**DATASET EXTRACT**:
▬▬▬▬▬▬

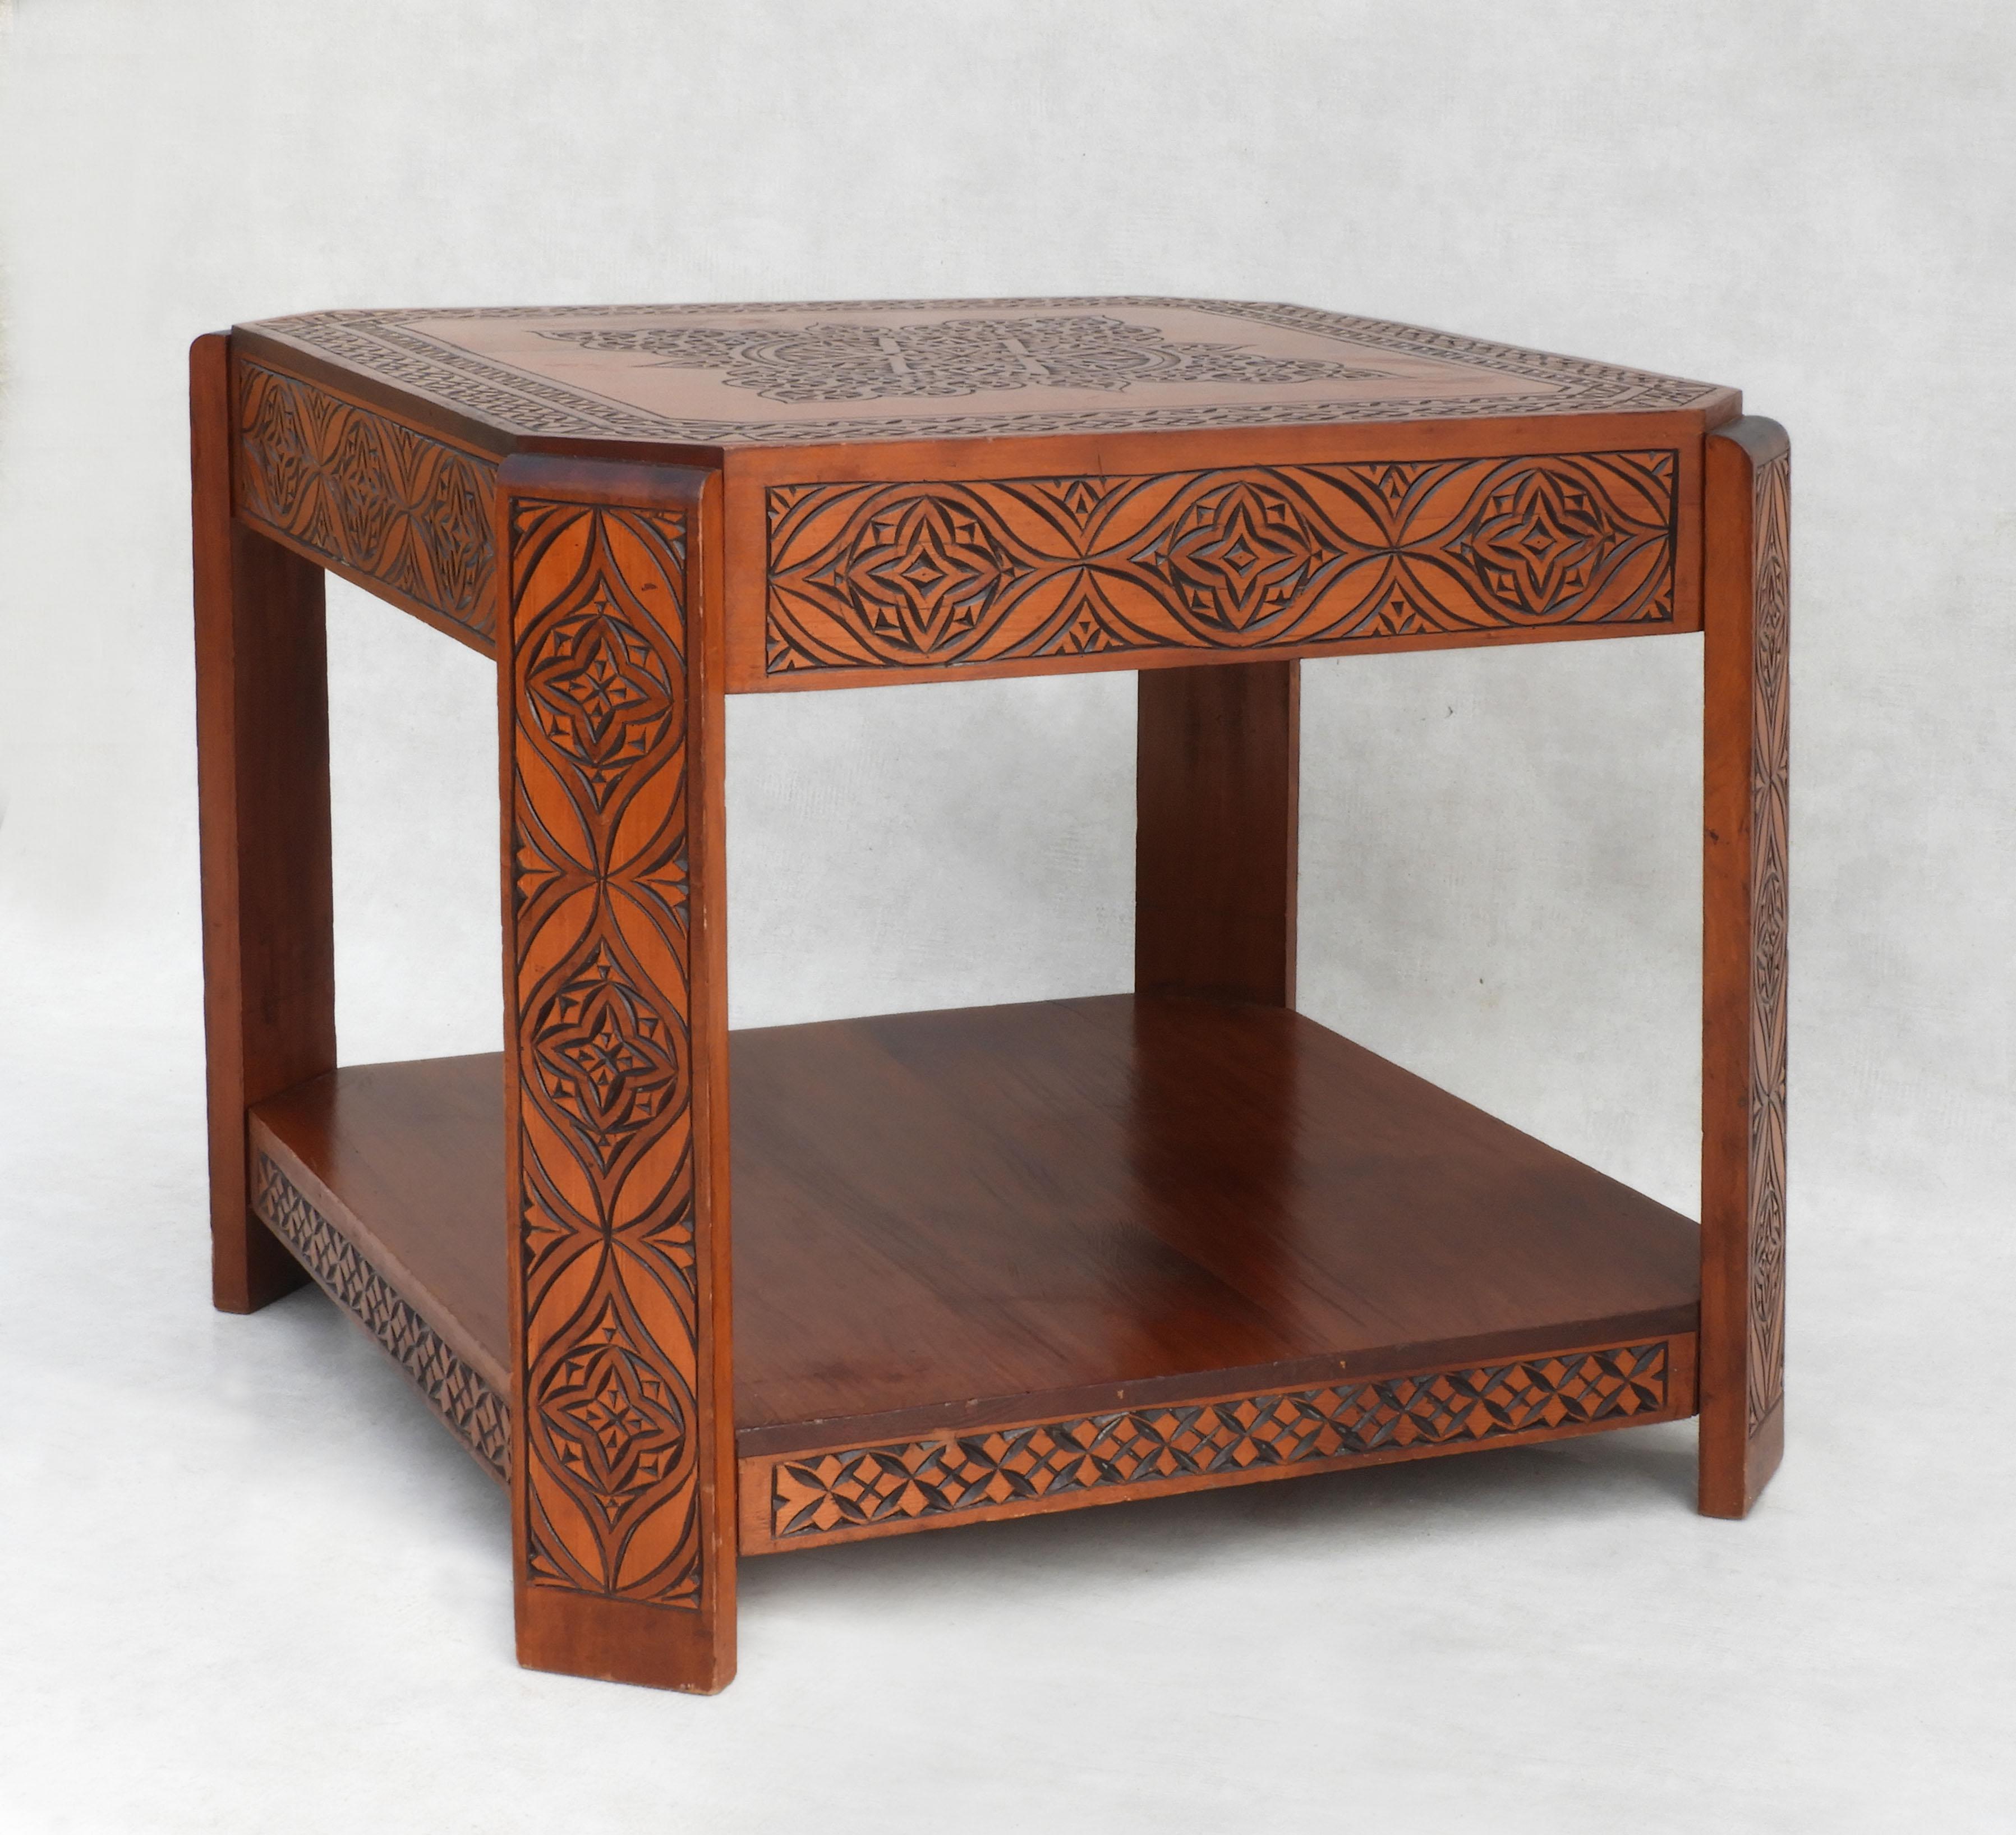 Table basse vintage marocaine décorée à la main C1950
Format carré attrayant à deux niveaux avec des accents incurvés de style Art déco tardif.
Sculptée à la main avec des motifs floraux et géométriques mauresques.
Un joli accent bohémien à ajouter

▬▬▬▬▬▬

**ABOUT THIS EXERCISE**: Please return the span of lines above that opens with the one containing "Sculptée à la" and closes with the final line, both included, exactly as written and nothing more.

**RESULT BELOW**:
Sculptée à la main avec des motifs floraux et géométriques mauresques.
Un joli accent bohémien à ajouter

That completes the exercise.